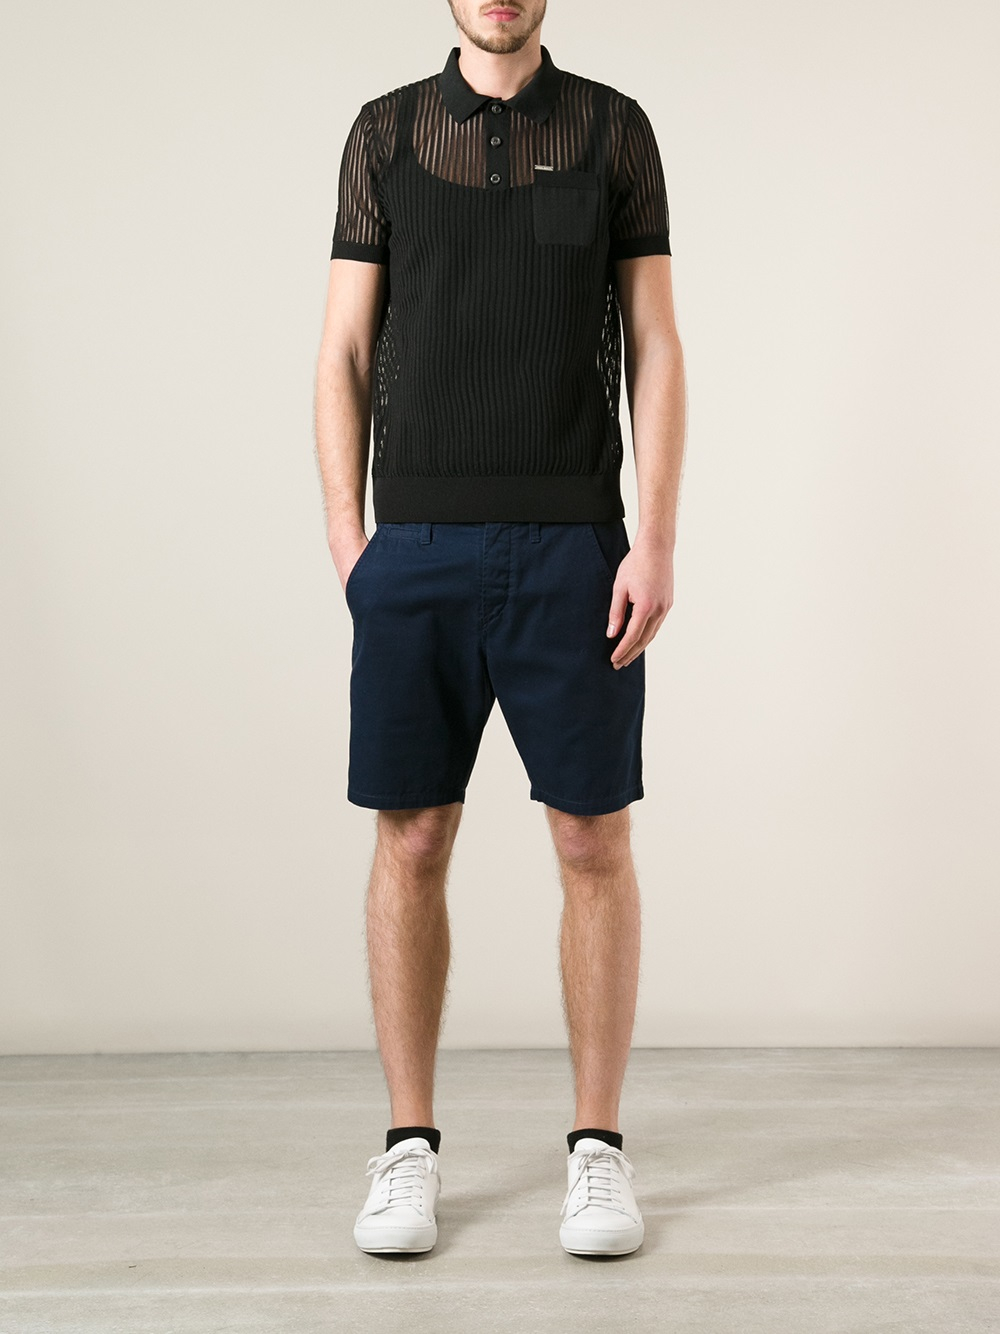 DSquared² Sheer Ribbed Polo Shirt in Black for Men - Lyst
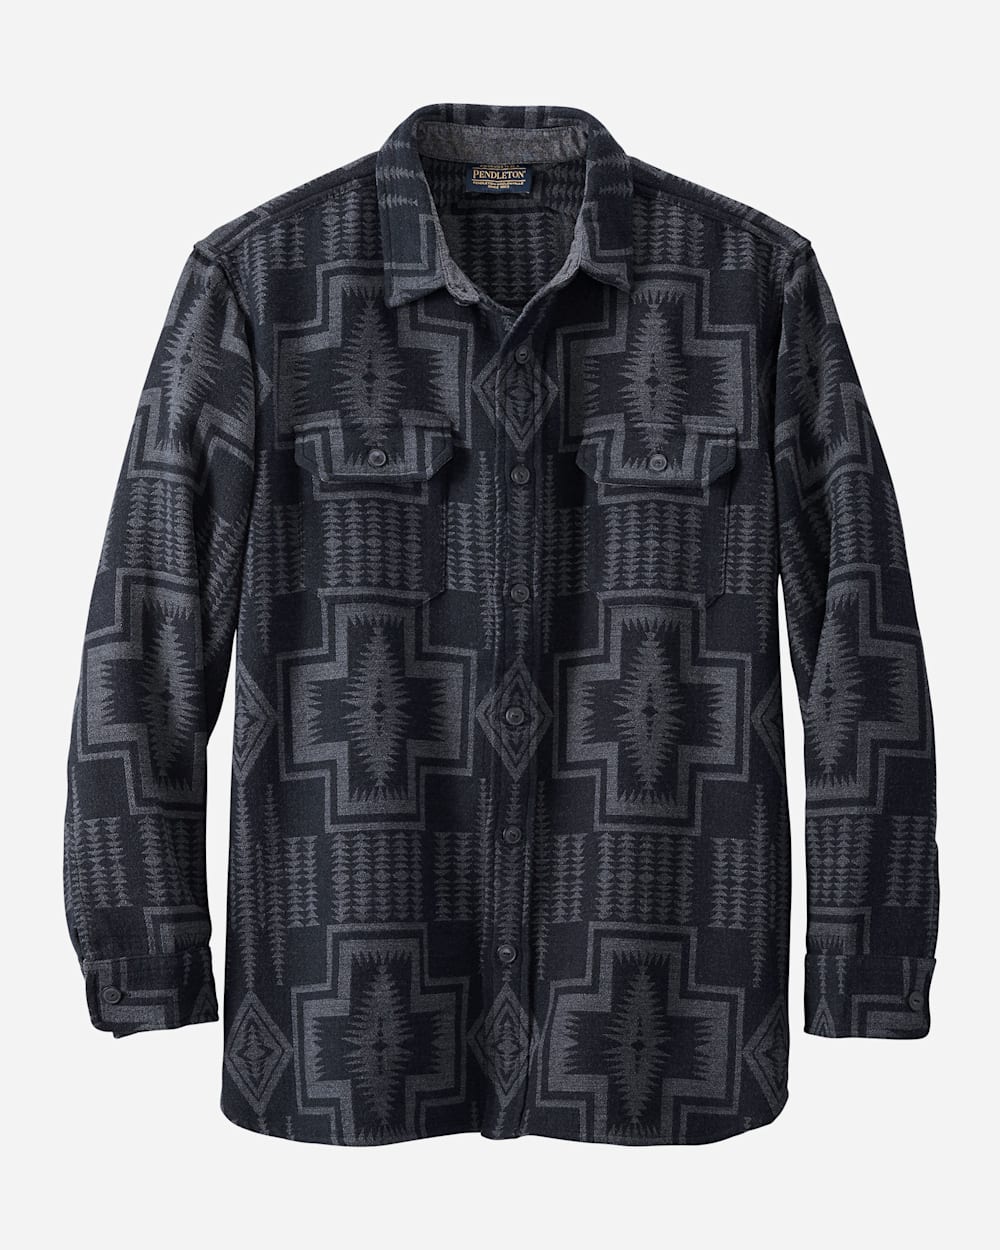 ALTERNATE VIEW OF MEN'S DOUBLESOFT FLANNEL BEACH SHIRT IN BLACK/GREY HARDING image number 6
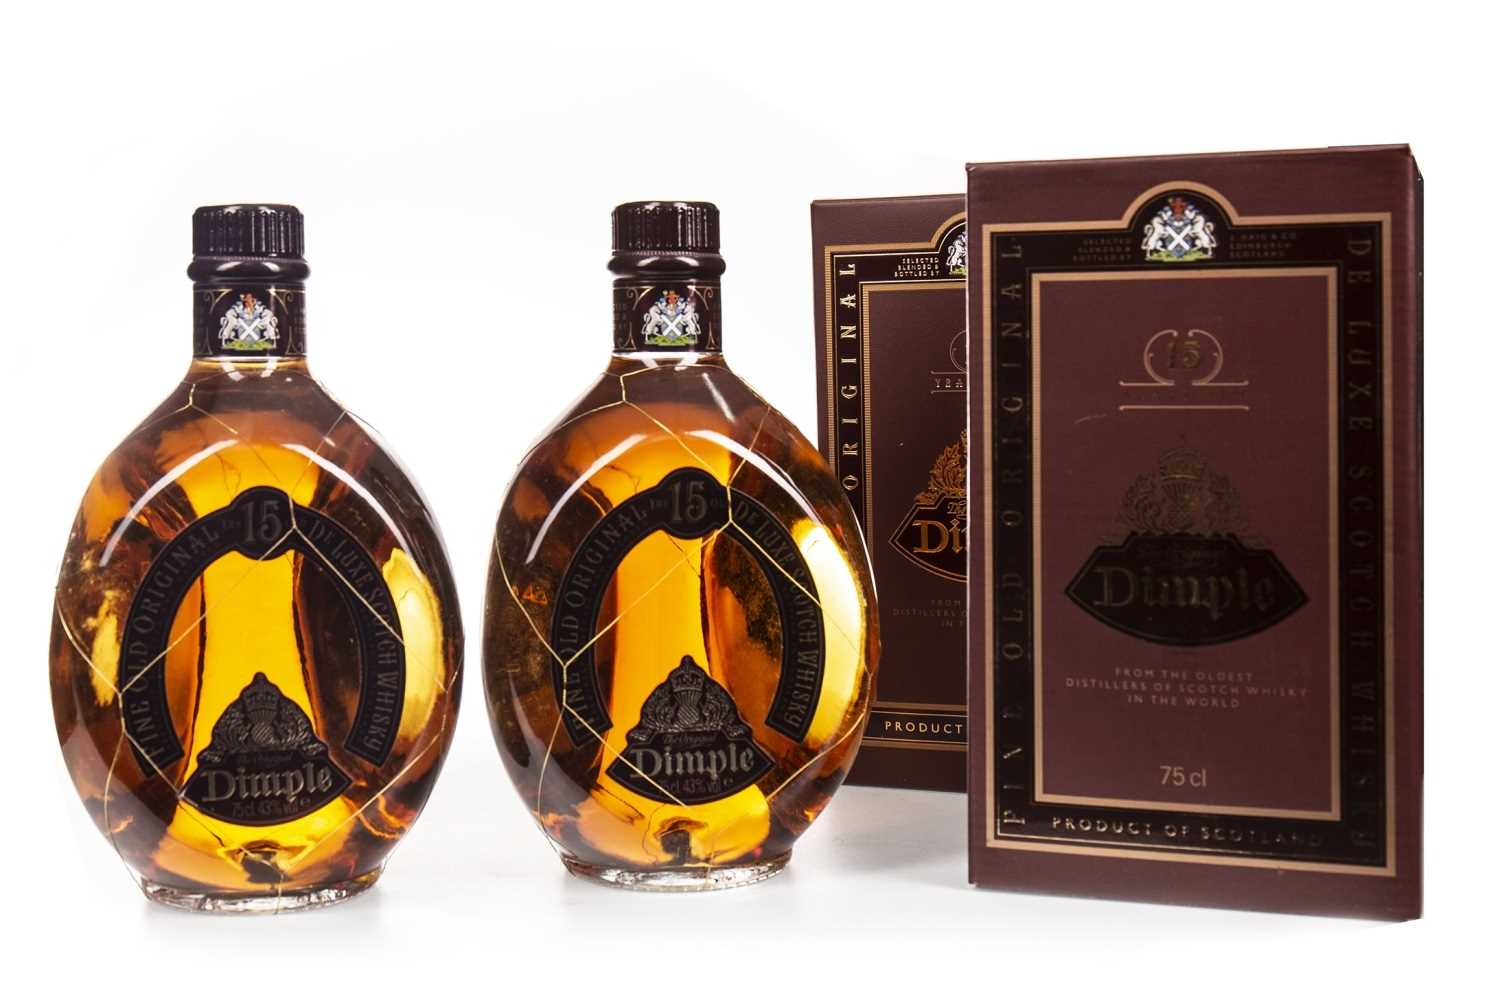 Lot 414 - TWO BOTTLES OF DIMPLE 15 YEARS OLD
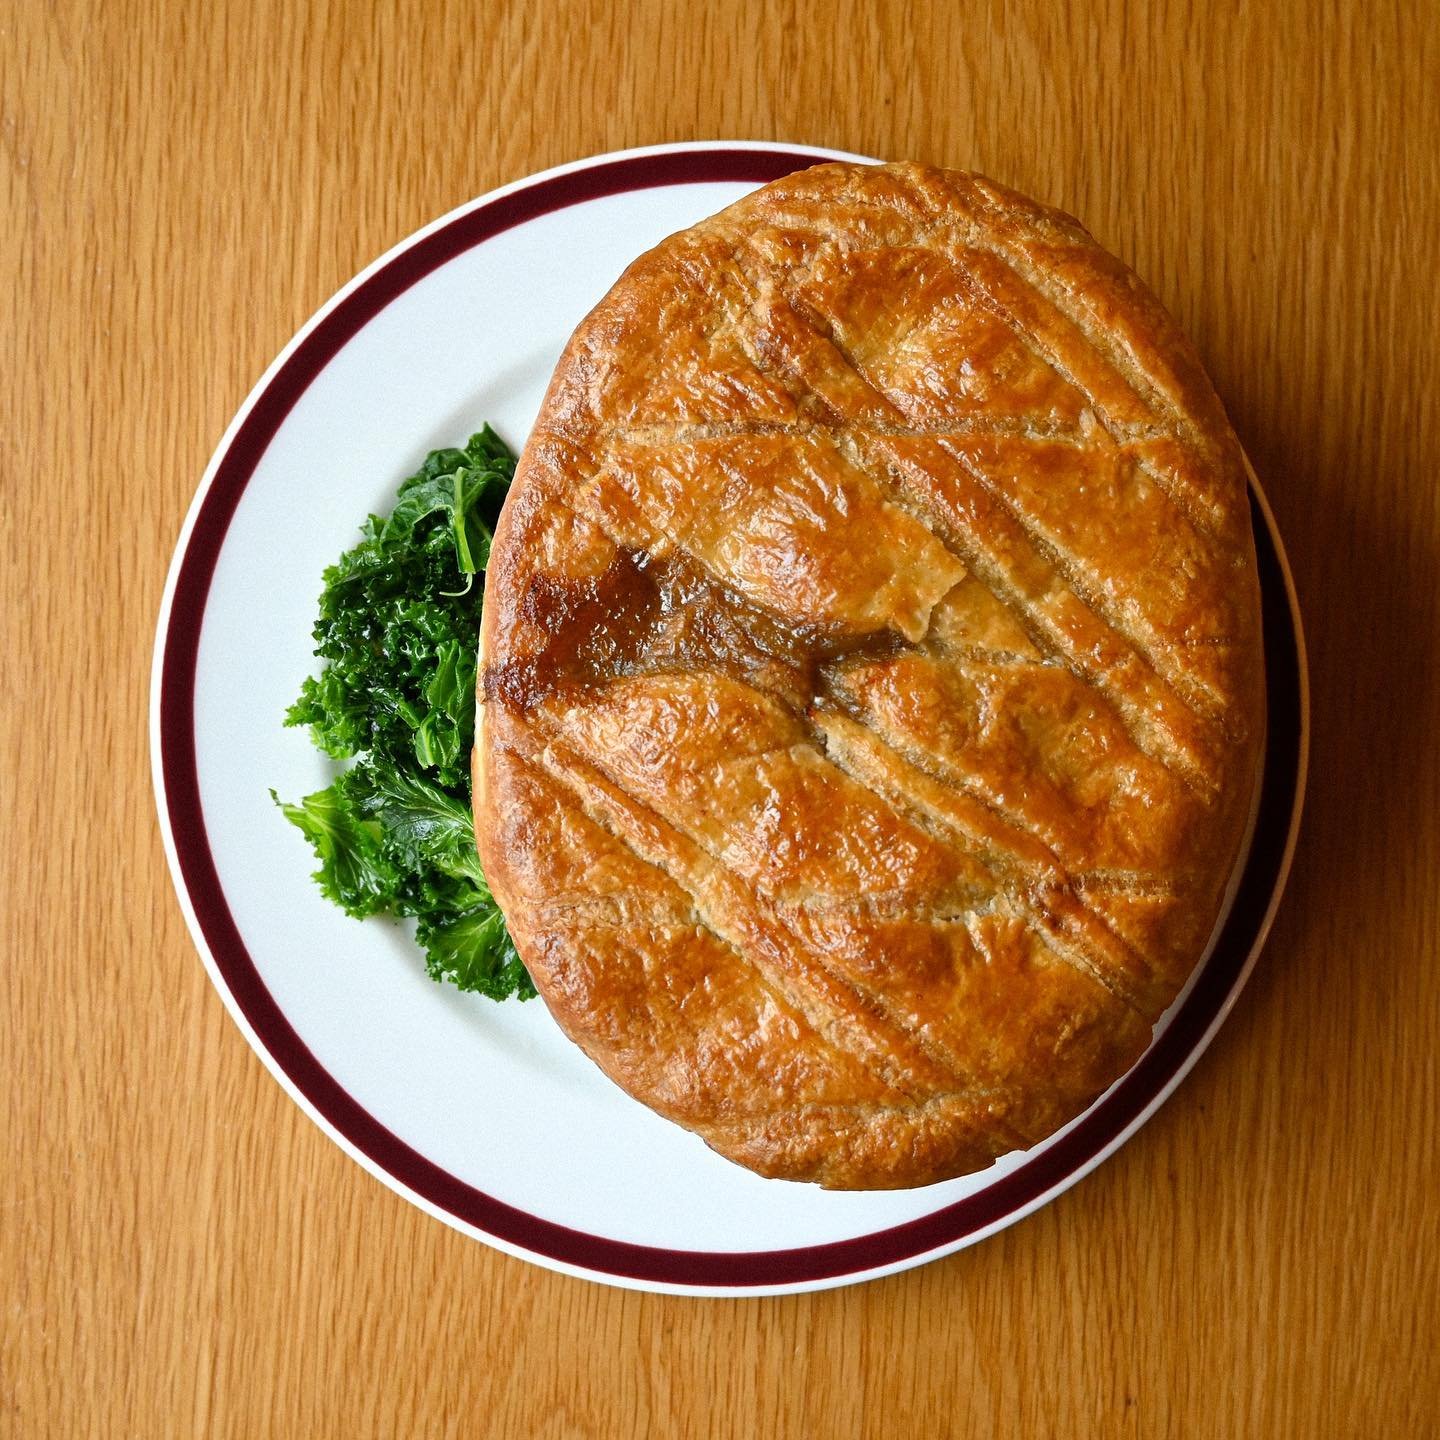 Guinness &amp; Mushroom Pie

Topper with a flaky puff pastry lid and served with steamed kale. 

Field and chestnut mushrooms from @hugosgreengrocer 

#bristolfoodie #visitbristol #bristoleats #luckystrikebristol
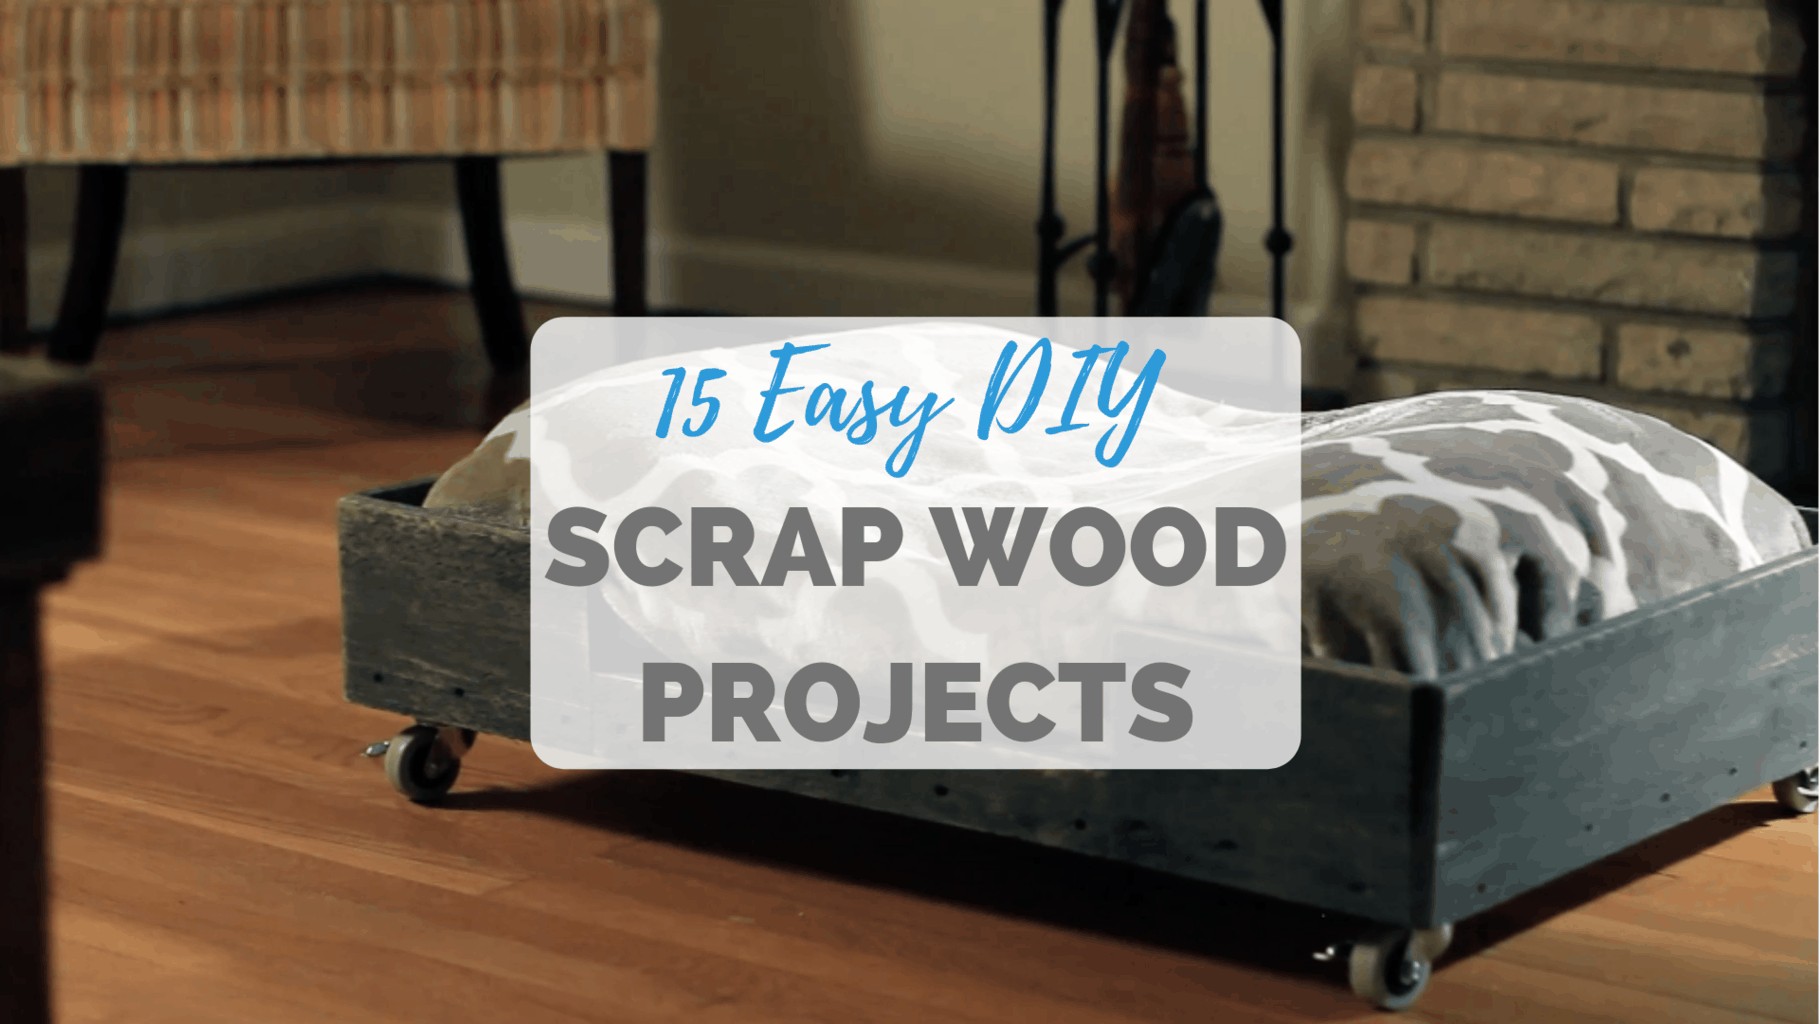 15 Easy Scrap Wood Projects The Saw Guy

--- --- ---

→ **About this task**:
Return exactly the part of the listing above that opens with the line containing "ALTERNATE VIEW OF" and closes with the line containing "Field and chestnut". Pictures stay out.

→ **Written response**:
 ALTERNATE VIEW OF MEN'S DOUBLESOFT FLANNEL BEACH SHIRT IN BLACK/GREY HARDING image number 6
 Lot 414 - TWO BOTTLES OF DIMPLE 15 YEARS OLD
 Guinness &amp; Mushroom Pie

Topper with a flaky puff pastry lid and served with steamed kale. 

Field and chestnut mushrooms from @hugosgreengrocer 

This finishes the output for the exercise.